Уэллс заметил также, что в общем и целом советские школы ничем не отличаются от английских, что «русские коммунисты — убежденные противники наказания детей», что «русские дети развиваются поразительно быстро для северян» и что «совместное обучение подростков до 15–16 лет в стране с такими расшатанными устоями, как Россия наших дней, привело к дурным последствиям» — об этом он узнал, когда к Горькому пришли бывший глава петроградской ЧК Бакаев и будущий первый секретарь Петроградского губкома Залуцкий: беседа проходила в присутствии Уэллса. «Несомненно только, что в городах России наряду с подъемом народного просвещения и интеллектуальным развитием молодежи возросла и ее распущенность, особенно в вопросах пола; и все это происходит в то время, когда старшее поколение соблюдает беспримерную, пуританскую моральную чистоту». Любопытно, конечно, откуда он взял эту «беспримерную моральную чистоту». Шкловский в статье «Петербург в блокаде» писал, что от голода и холода «у мужчин была почти полная импотенция, а у женщин исчезли месячные…». Поневоле будешь морально чист, когда все мысли — где достать еды и как согреться… Показали Уэллсу и приемник-распределитель для беспризорных: «Мы провели некоторое время среди детей, всесторонне знакомясь с их жизнью в приемнике, и они показались нам здоровыми, довольными и счастливыми».

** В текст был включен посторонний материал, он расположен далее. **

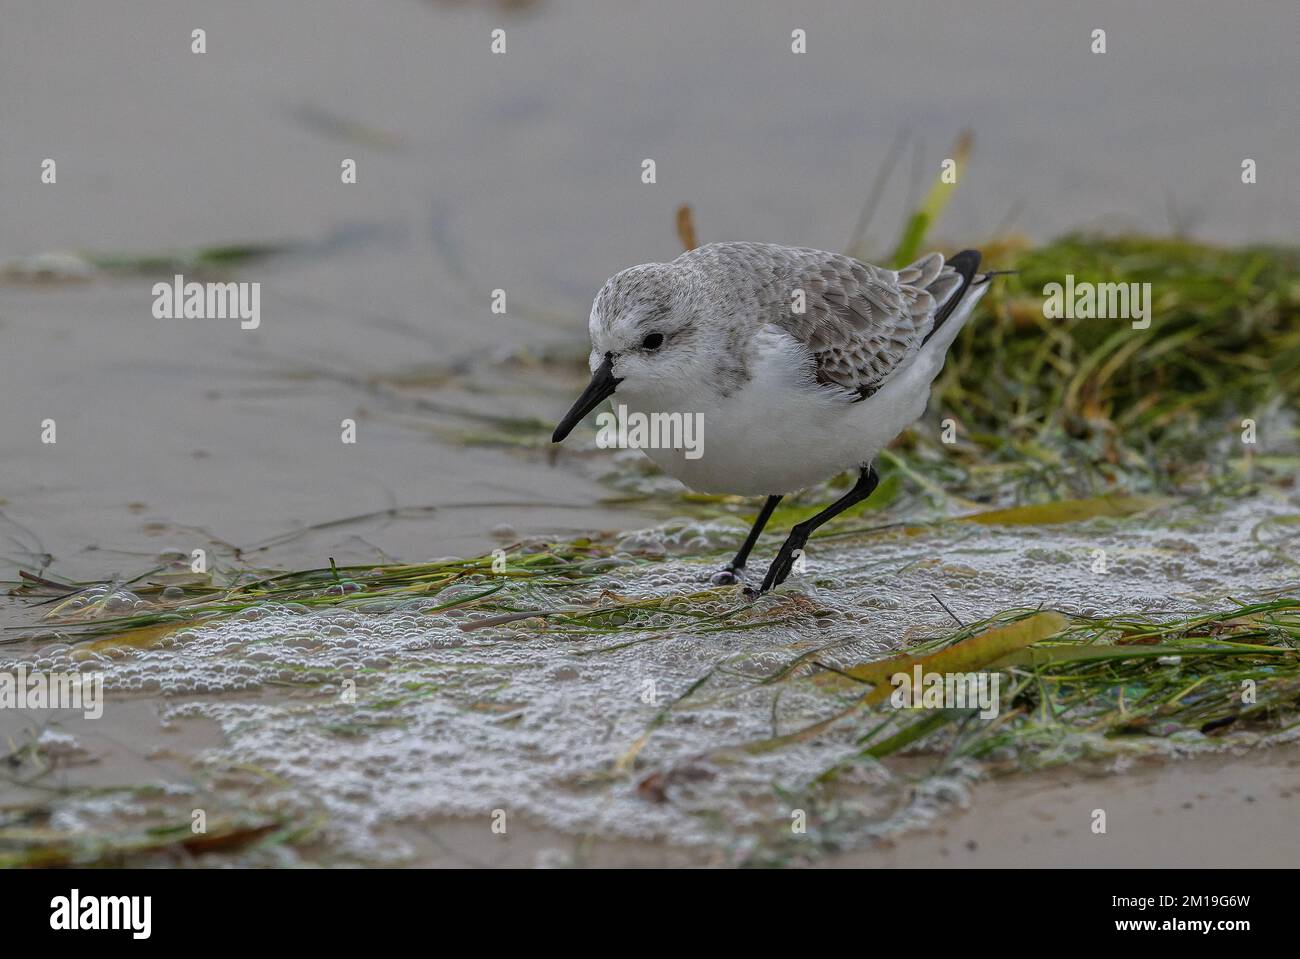 Sanderling, Calidris alba, feeding among washed up eel-grass on sandy beach in winter, after storms. Stock Photo

Культурная программа открывалась, как водится, банкетом: он состоялся 30 сентября[76]в Доме искусств[77]. Об этом злополучном обеде существует множество воспоминаний, изрядно противоречащих друг другу. Евгений Замятин в очерке «Уэллс» писал: «Наскоро сорганизованный обед превратился в торжественное чествование английского гостя с целым рядом речей». Насчет «наскоро сорганизованного» Замятин, похоже, ошибся. Чтобы у нас, хоть в самый голодный год, да не попытались пустить пыль в глаза заезжему иностранцу — быть такого не может. Встреча с Уэллсом первоначально планировалась на 28 сентября, но толпа голодных поэтов напрасно протомилась в Доме искусств — к приему не были готовы. Николай Оцуп вспоминал: «Заведующий хозяйством Дома искусств позвал на экстренное совещание писателей и предложил им утвердить меню обеда в честь Уэллса. Накормить английского гостя можно было очень хорошо (чтобы пустить ему пыль в глаза). „Совещание“ этот план отвергло: пусть знает Уэллс, как питается русский писатель…<…> Принято было среднее решение: пира не устраивать, но и голодом Уэллса не морить». Михаил Слонимский: «Длинные столы в большом зале были покрыты чистыми скатертями Елисеева. На столах не только хлеб и колбаса, но у каждой тарелки лежала даже палочка настоящего, давно не виданного шоколада. Горело электричество, топилась печь». Другой очевидец, Юрий Анненков, на чьем тексте базируются почти все рассказы о том банкете: «По распоряжению Продовольственного Комитета Петербургского Совета в кухню „Дома Искусств“ были доставлены по этому случаю довольно редкие продукты».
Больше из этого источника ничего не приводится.